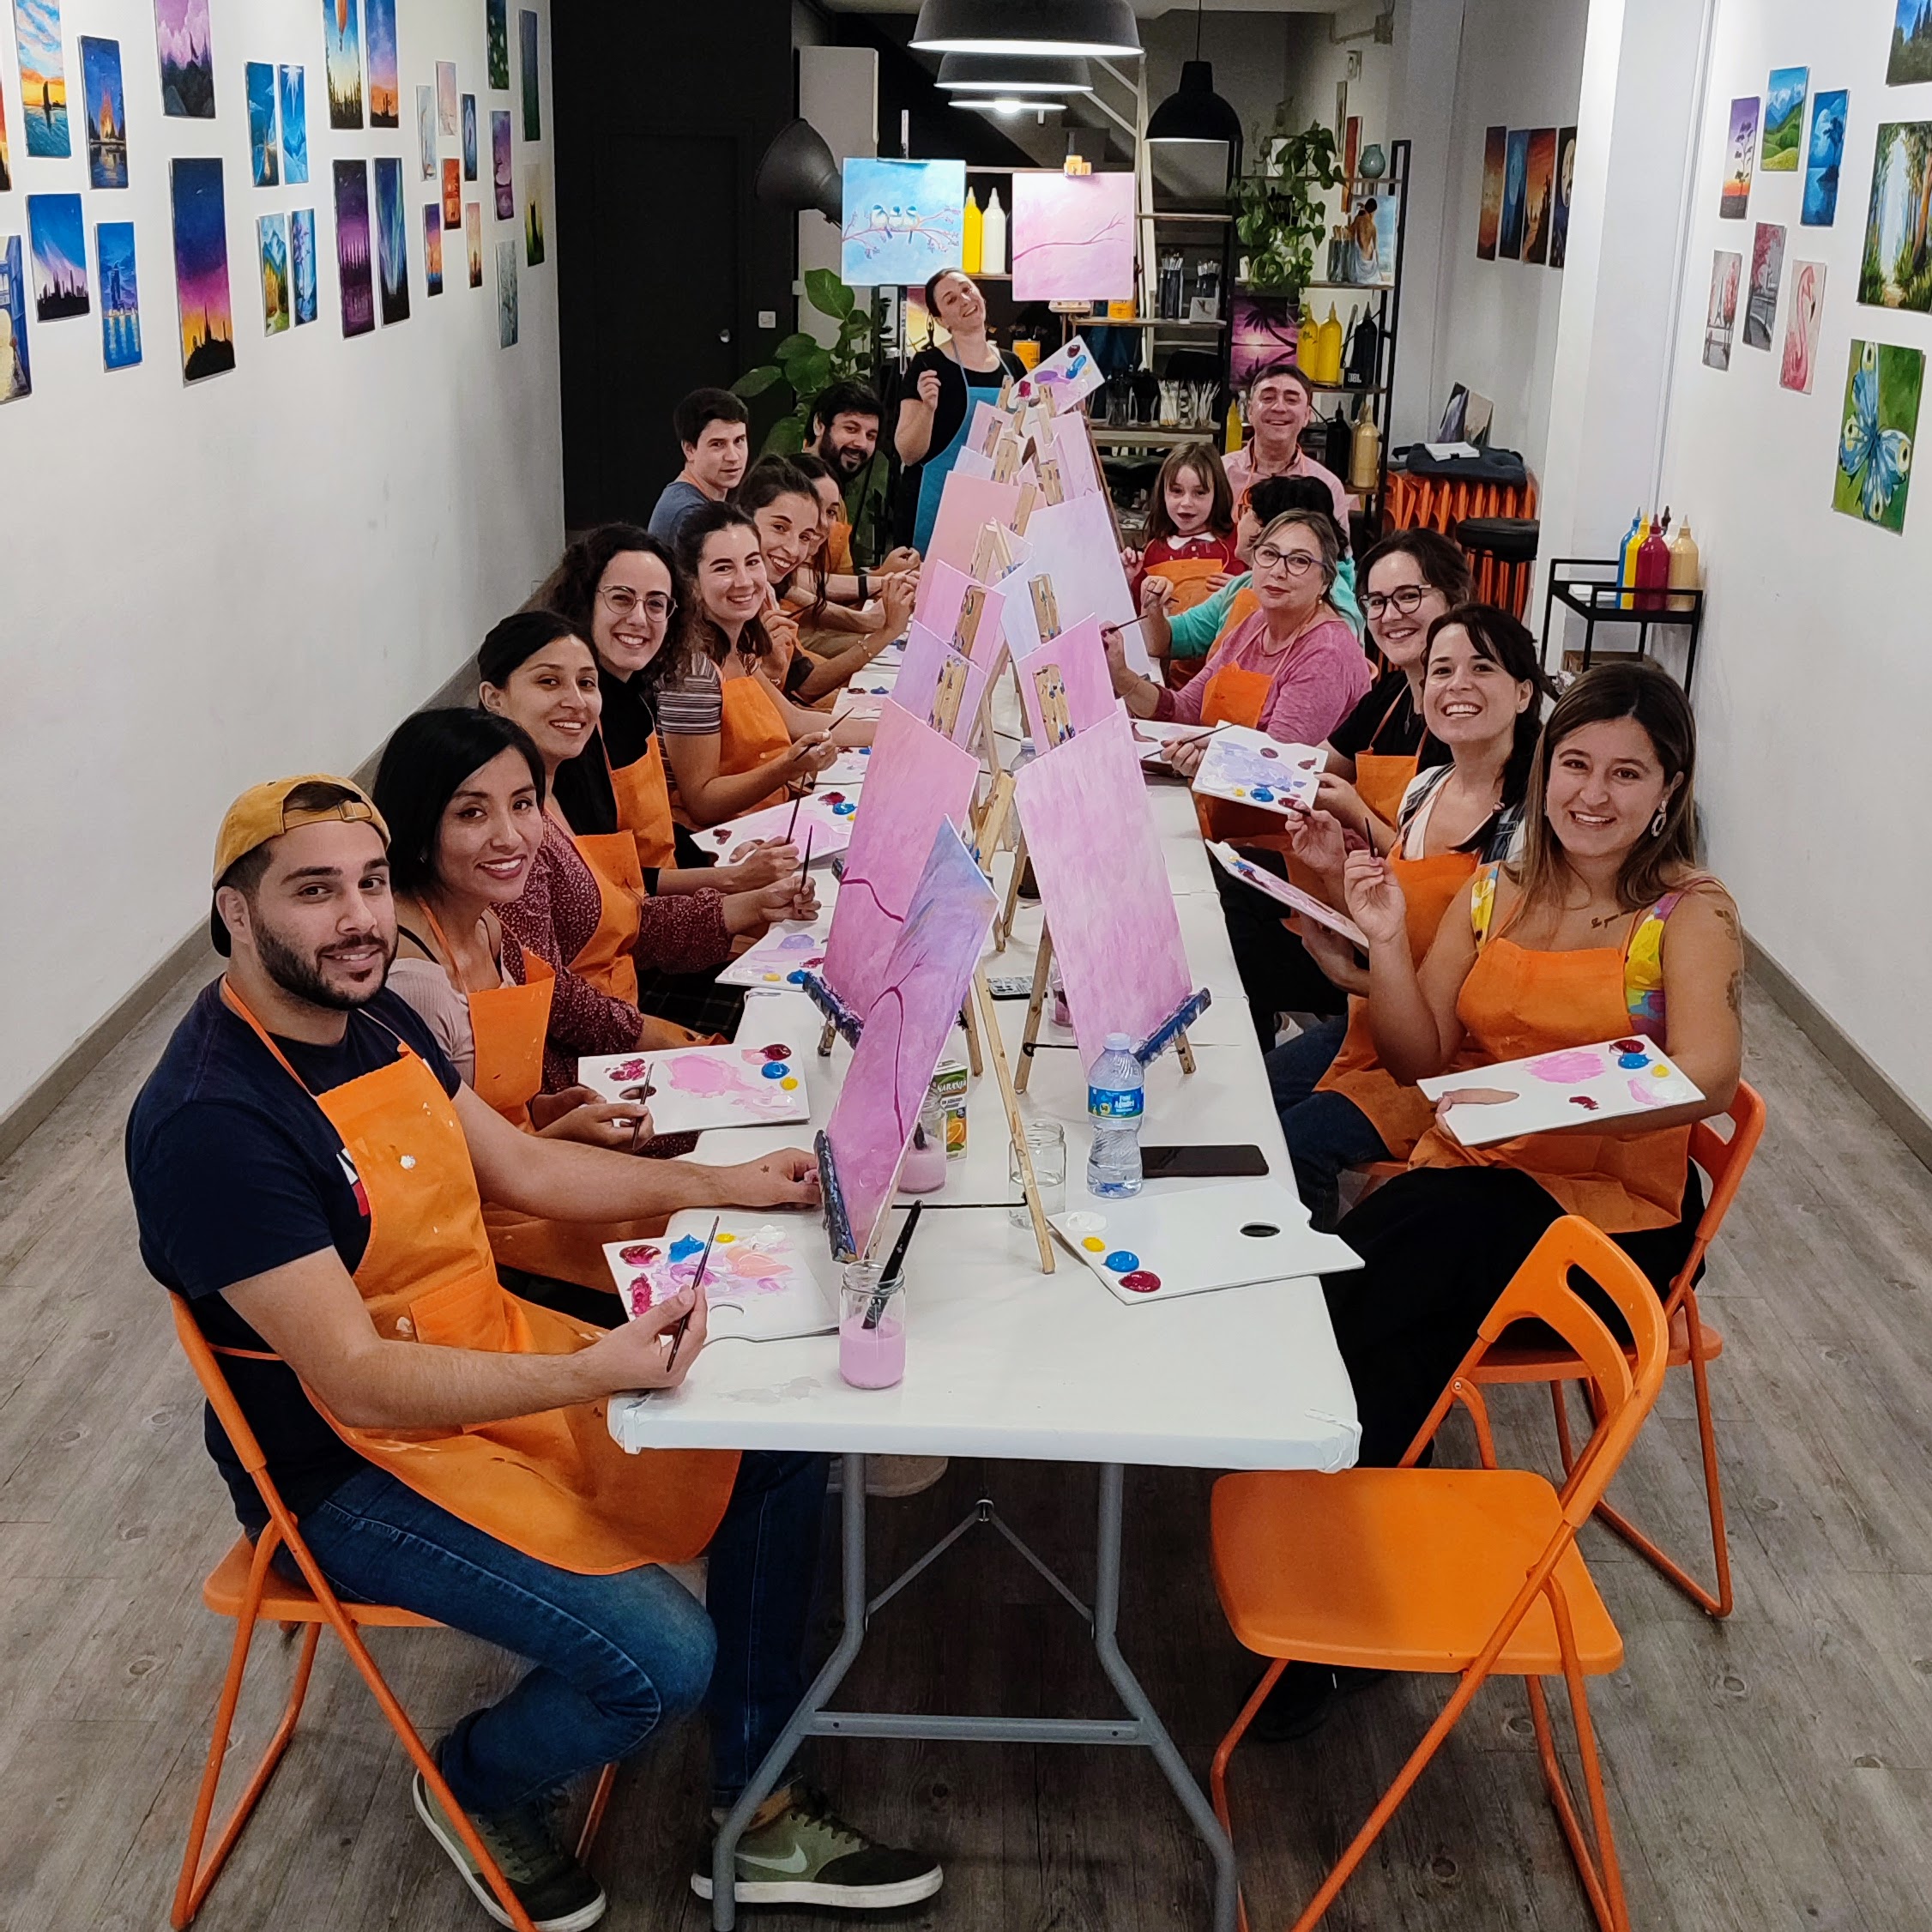 Petirrojos pintar actividades con niños familia pintura arte Barcelona Pincelea
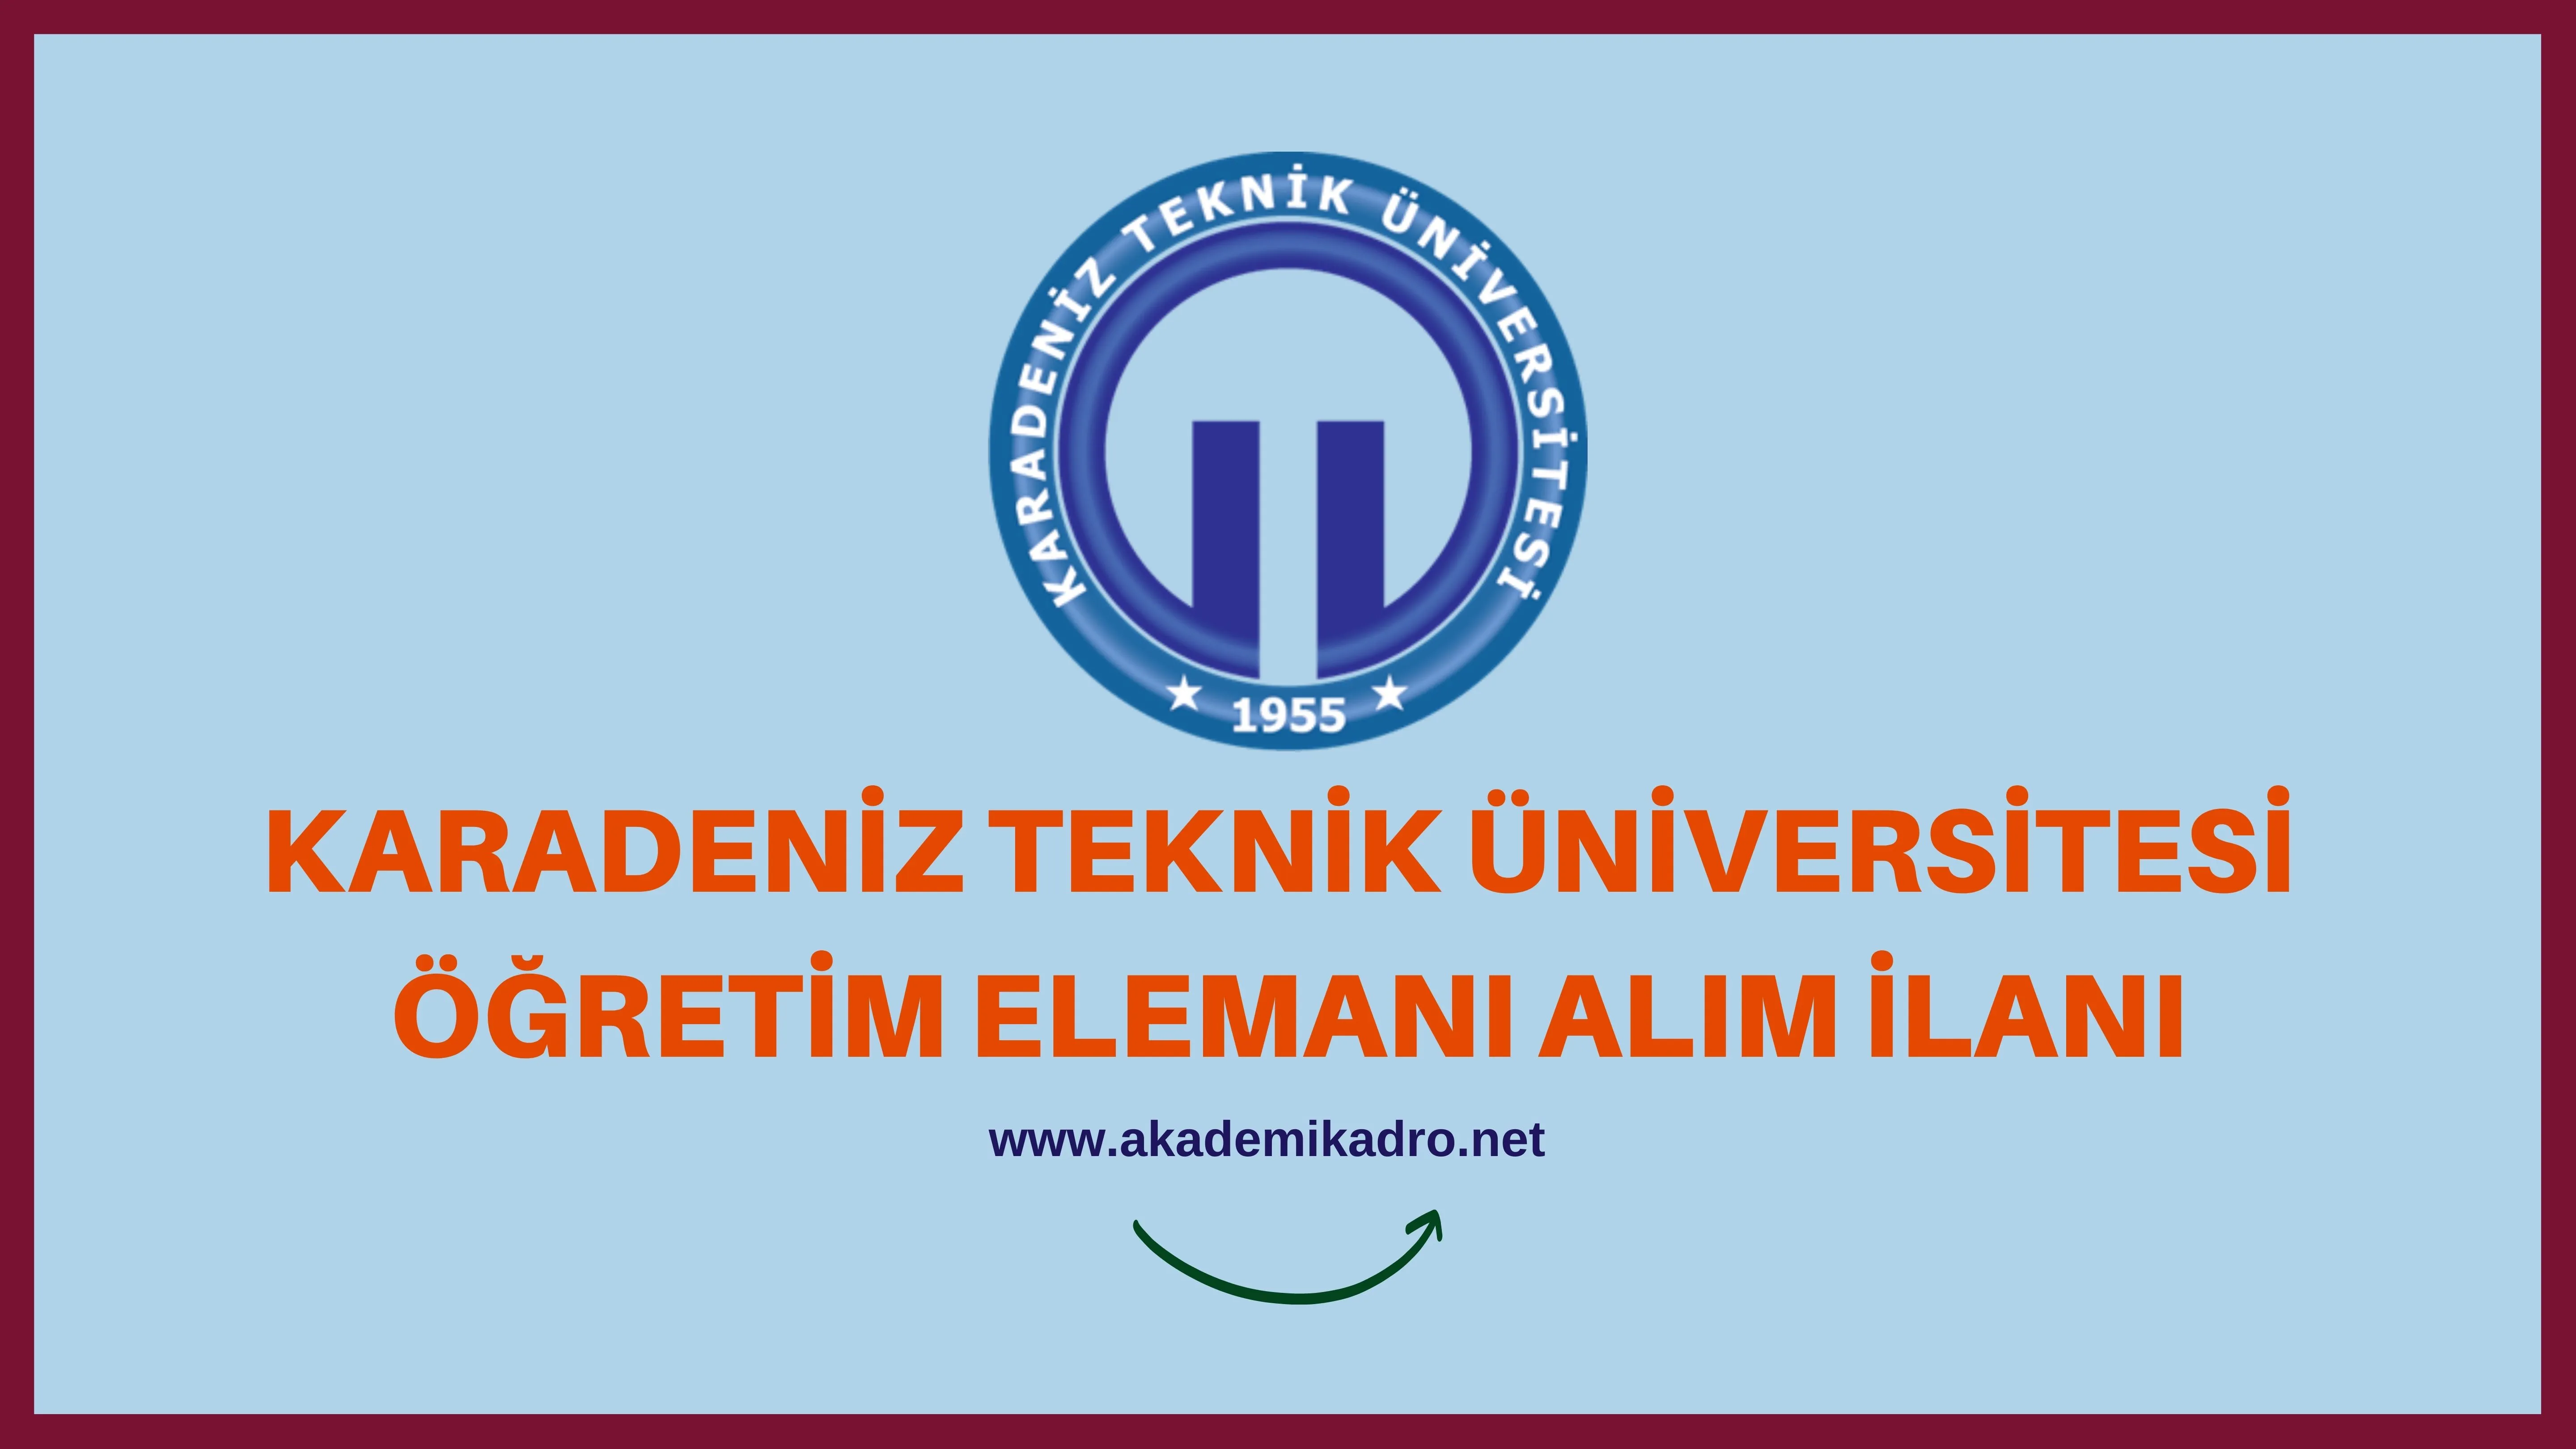 Karadeniz Teknik Üniversitesi Araştırma görevlisi, öğretim görevlisi ve öğretim üyesi olmak üzere 57 Öğretim elemanı alacak.  Son başvuru tarihi 29 Kasım 2023.
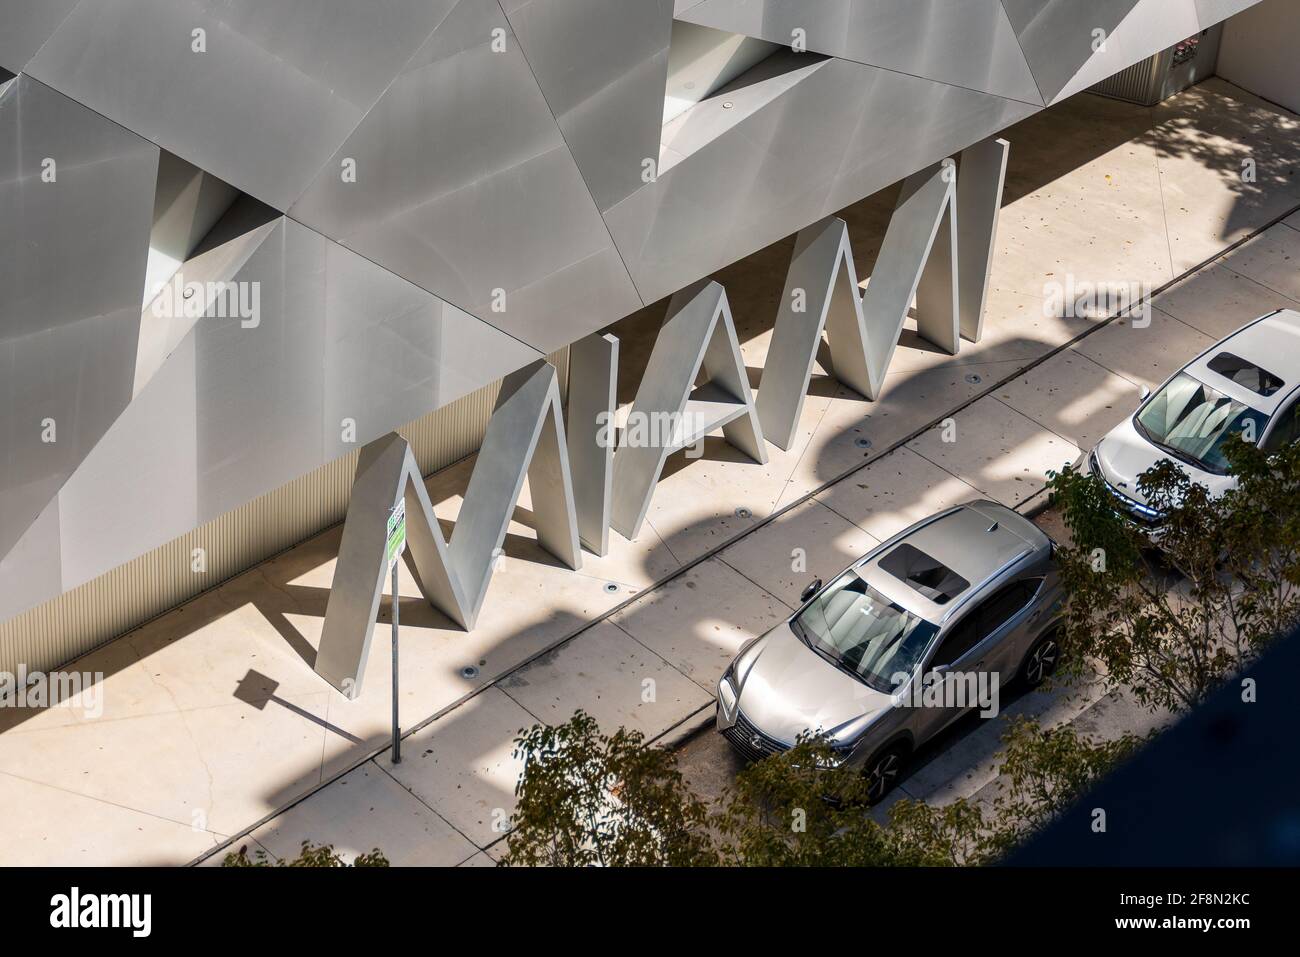 Miami signalisation dans de grandes lettres métalliques à l'Institut d'art contemporain, Floride, États-Unis Banque D'Images

----

> _Exercise description_: Repeat the data word for word, minus any pictures.

> _Exercise response_:
 Petirrojos pintar actividades con niños familia pintura arte Barcelona Pincelea
 Karadeniz Teknik Üniversitesi Araştırma görevlisi, öğretim görevlisi ve öğretim üyesi olmak üzere 57 Öğretim elemanı alacak.  Son başvuru tarihi 29 Kasım 2023.
 Miami signalisation dans de grandes lettres métalliques à l'Institut d'art contemporain, Floride, États-Unis Banque D'Images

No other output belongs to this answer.